# Want to seperate from my husband, but how?



## OatmealKisses (Jul 12, 2011)

I want to separate from my husband, but I don't know how financially. I'm a stay-at-home-mom of two kids; a 1 year old and 2 year old. 

I can't take it anymore. Almost the whole time we have been married I was wanted to leave him but money has held me back. What he makes qualifies us for state medical and WIC, nothing else. However, we have so much debt from his piss poor money managing and his problems getting DUI's He's facing his 3rd DUI now. He has not stopped drinking or blowing our money even after this last DUI. We are living with his parents because he doesn't make enough to live independently with all the debt, and bankruptcy will only take away medical debt and 1 card credit card. Which we can't pay any of now anyway having to have a lawyer for the DUI.


----------



## survivorwife (May 15, 2012)

OatmealKisses said:


> I want to separate from my husband, but I don't know how financially. I'm a stay-at-home-mom of two kids; a 1 year old and 2 year old.
> 
> I can't take it anymore. Almost the whole time we have been married I was wanted to leave him but money has held me back. What he makes qualifies us for state medical and WIC, nothing else. However, we have so much debt from his piss poor money managing and his problems getting DUI's He's facing his 3rd DUI now. He has not stopped drinking or blowing our money even after this last DUI. We are living with his parents because he doesn't make enough to live independently with all the debt, and bankruptcy will only take away medical debt and 1 card credit card. Which we can't pay any of now anyway having to have a lawyer for the DUI.

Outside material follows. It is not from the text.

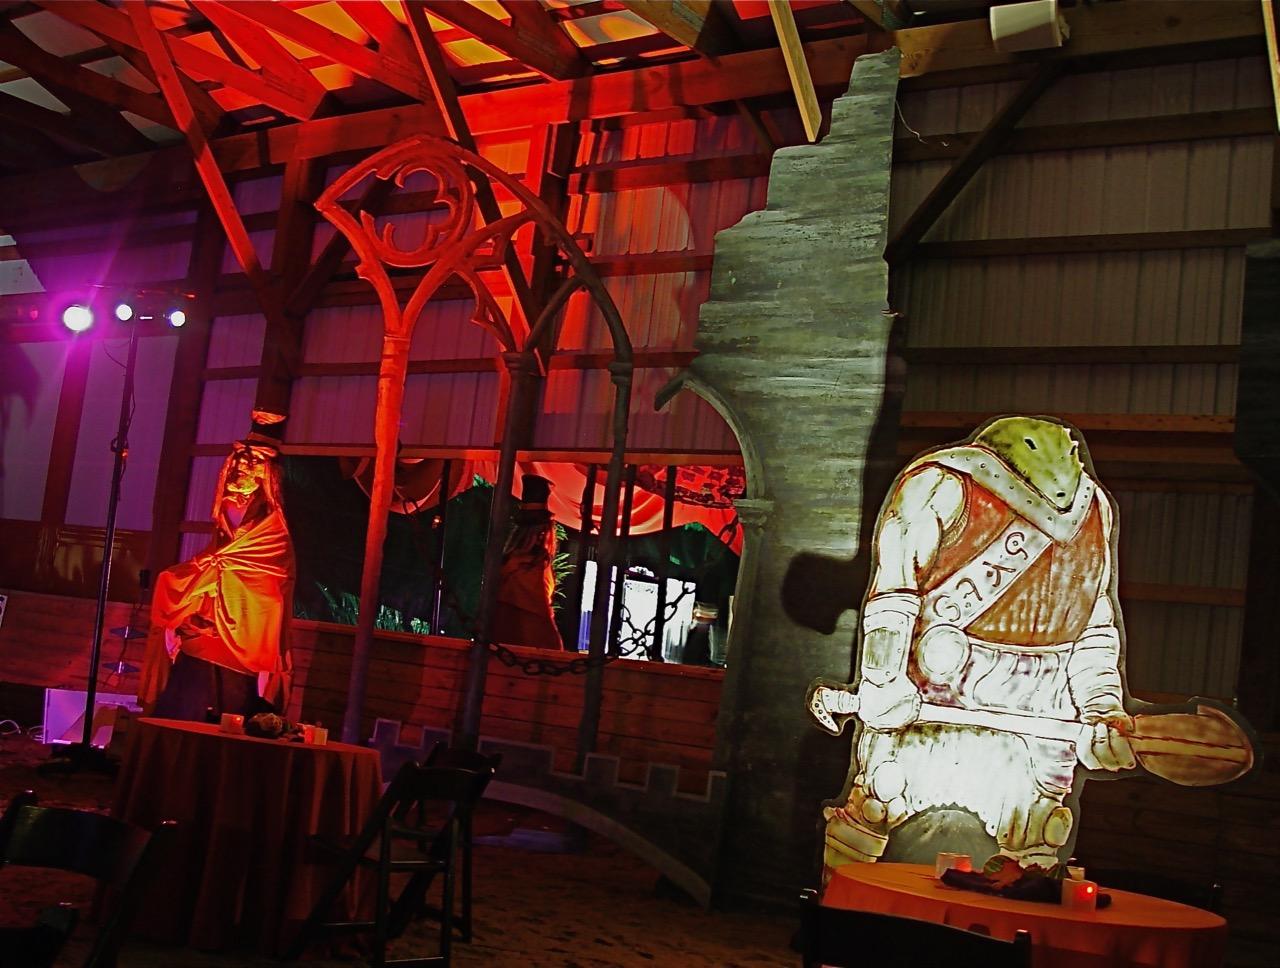 Halloween+Lighting+and+Decor+Rentals+Eggsotic+Events+NJ+NYC+Event+Design+-+1.jpg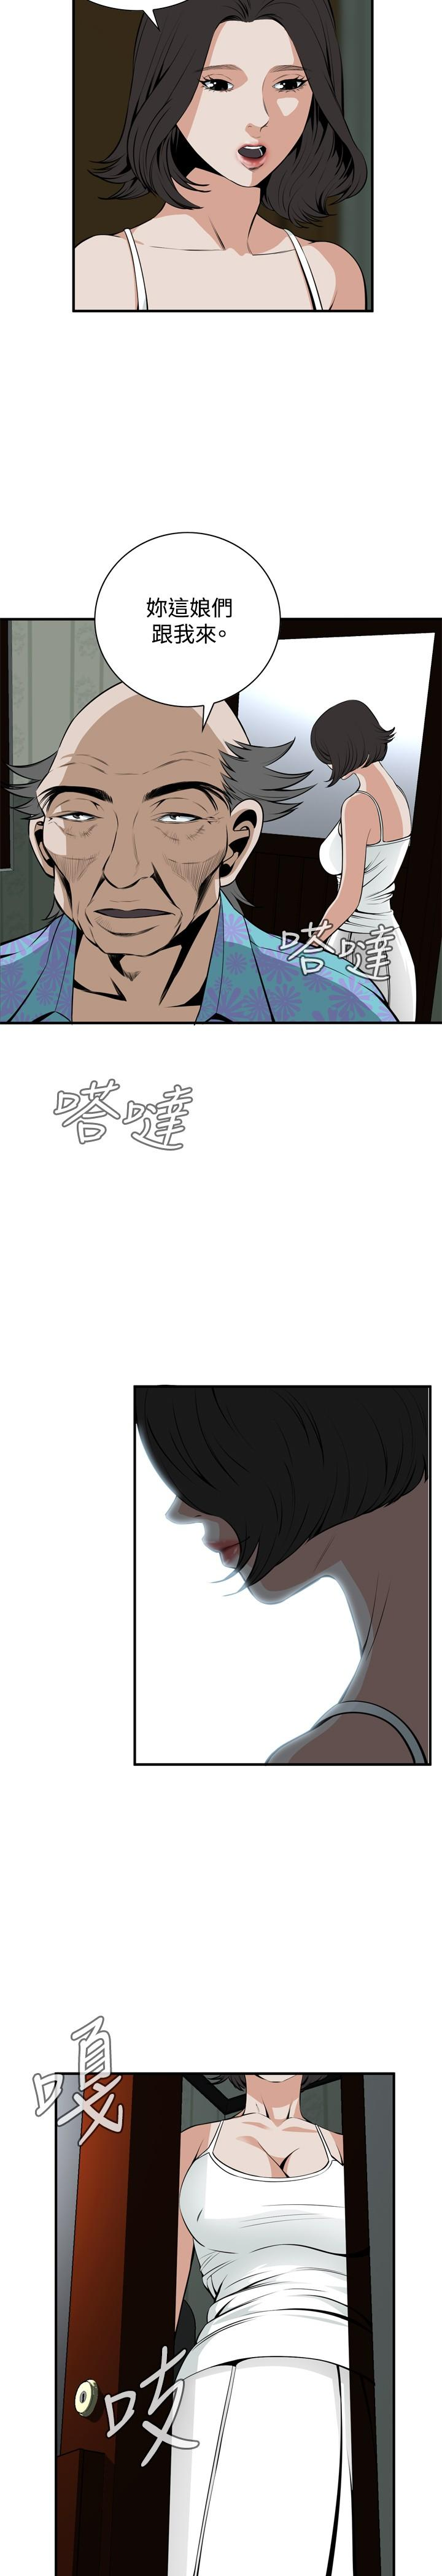 Take a Peek 偷窥 Ch.39~55 [Chinese]中文 114

How? You need to formulate a plan.

Housing. Is there anyone else you could live with temporarily in your family? Close friend(s)? Would anyone be willing to take you in? Your first problem is living with his family and you need to get away from being dependent on them.

Employment. You need an income. It appears that you will not be able to rely on him to support you. If you can't get a job outside the home, perhaps you can consider being a day-care provider and taking care of other people's children while watching your own until they are of school age.

Temporary Government Assistance. Until you get on your feet, there is plenty of help in that regard to enable you and your children to survive without your spouse.

That's what I come up with for starters. Getting out from under being dependent on his family, and financially surviving without him. It can be done. Once you are on your own and able to stand on your own, you can seek legal advise which would require him to pay child support and alimony, but first you need to set yourself free.

Good luck!


----------



## debaussie71 (Nov 15, 2013)

I agree with survivorwife. You need to create a plan realistic in your situation. Grab a piece of paper even and brainstorm as to how you can get yourself and your children out of this situation.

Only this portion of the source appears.